Over the last two decades, LCC growth in the Gulf region has been accelerated. During this time, some of the region’s low-cost carriers have managed to achieve significant gains.
Until recent years, Gulf LCCs were a dominating power in a region that had an undemonstrated LCC market. However, at the height of the COVID-19 pandemic, European rivals established a new subsidiary in the region, which created some competition.
On January 15, 2021, Wizz Air launched its first flight to Athens, Greece from its new subsidiary Wizz Air Abu Dhabi, based in the United Arab Emirates. Flight WAZ7007 marked the beginning of commercial passenger operations from its latest homebase at Abu Dhabi International Airport (AUH).
Earlier, in 2019, Wizz Air’s Chief Executive Officer, József Váradi said: “Wizz Air Abu Dhabi will be an incremental path of growth for Wizz Air, built on our successful ultra-low-cost business model, bringing affordable travel to ever more customers. We believe the new airline has the potential to be a significant player in the region.”
Wizz Air is a recognisable brand name from Central and Eastern Europe where the carrier is mostly based. It is one of the few low-cost carriers from Europe that fly to the United Arab Emirates. Thus, competition is rather scarce.
“The intention and the purpose of coming to Abu Dhabi is to stimulate the market place. Abu Dhabi is hugely underpenetrated with regard to low-cost flying,” Varadi told Nasdaq in an interview in 2019.
However, for the Gulf’s low-cost airlines, Wizz’s presence in the region may just pose a significant threat. The Budapest-based air carrier offers low prices and is a strong contender in a relatively empty market.
GlobalData, a leading data and analytics company, reported: “This recent development reinforces the necessity for low-cost competition, and the airline will support the stimulation of leisure demand to the UAE during and post-COVID-19.”

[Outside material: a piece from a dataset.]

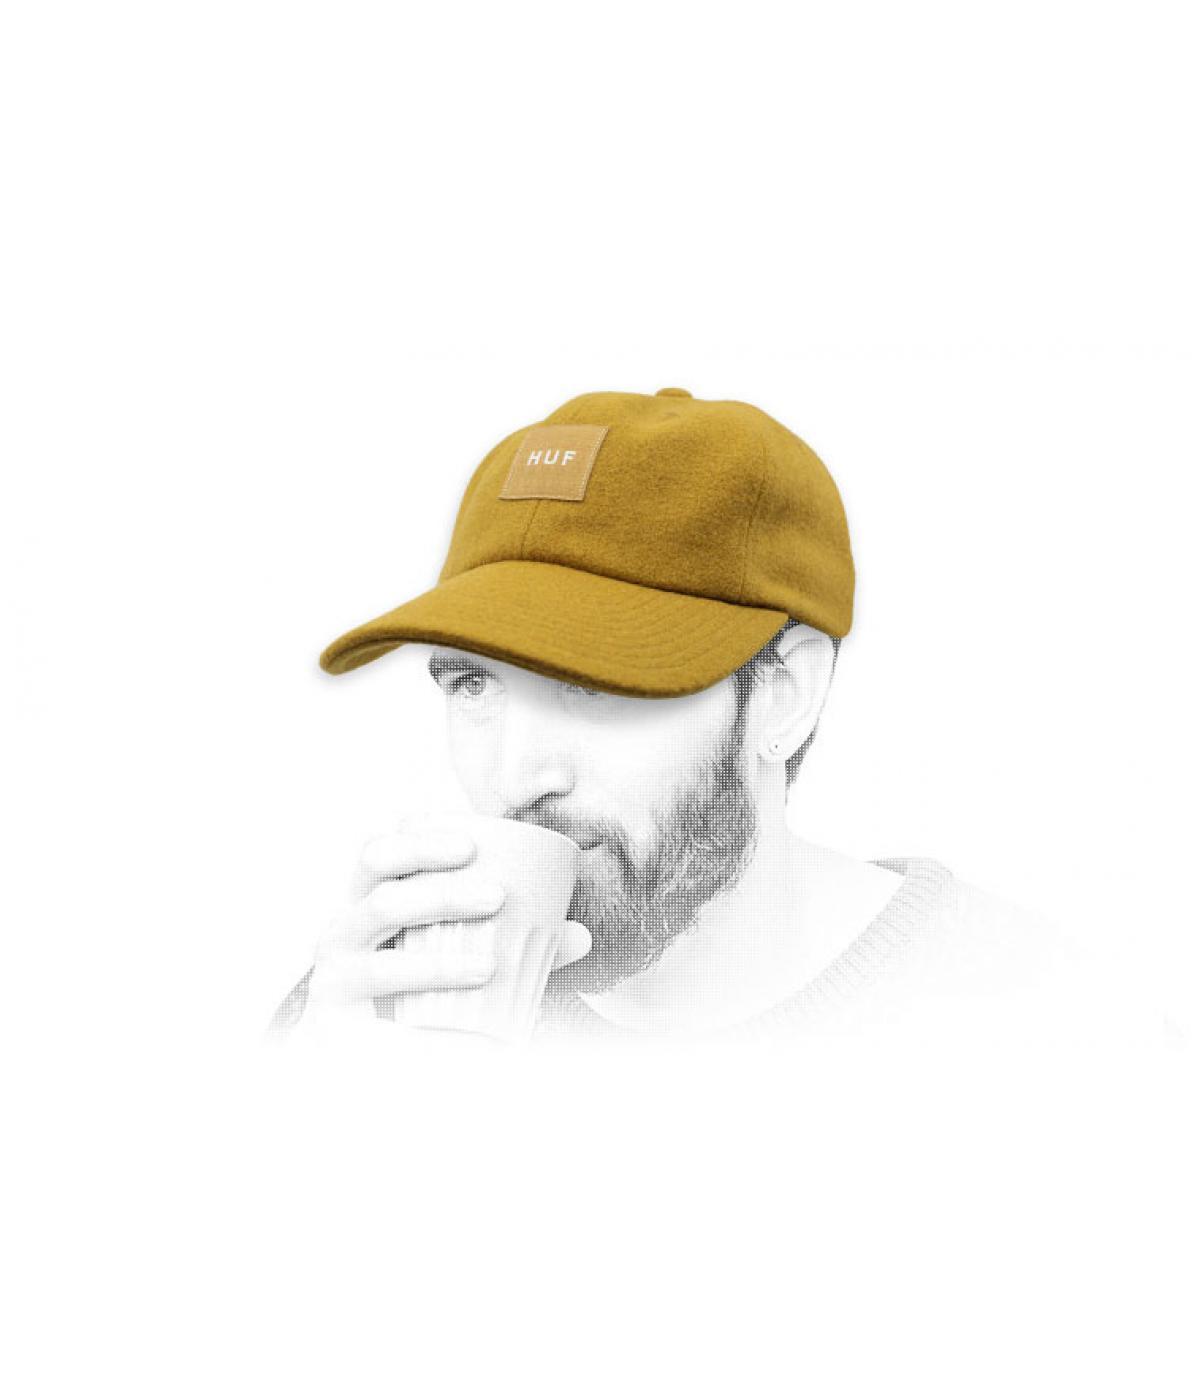 Cap Melton Wolle Huf gelb

Gus Gardner, Travel and Tourism Analyst at GlobalData, commented: “Wizz Air’s launch will certainly disrupt the market, offering competitive fares and opening up underserved destinations that could bear fruit for the airline. Abu Dhabi has long been a market dominated by full-service carriers, with Etihad Airways being the largest player. Low-cost competition has been limited to inbound airlines, often only serving one city pair, and the market has been in desperate need of low-cost disruption.”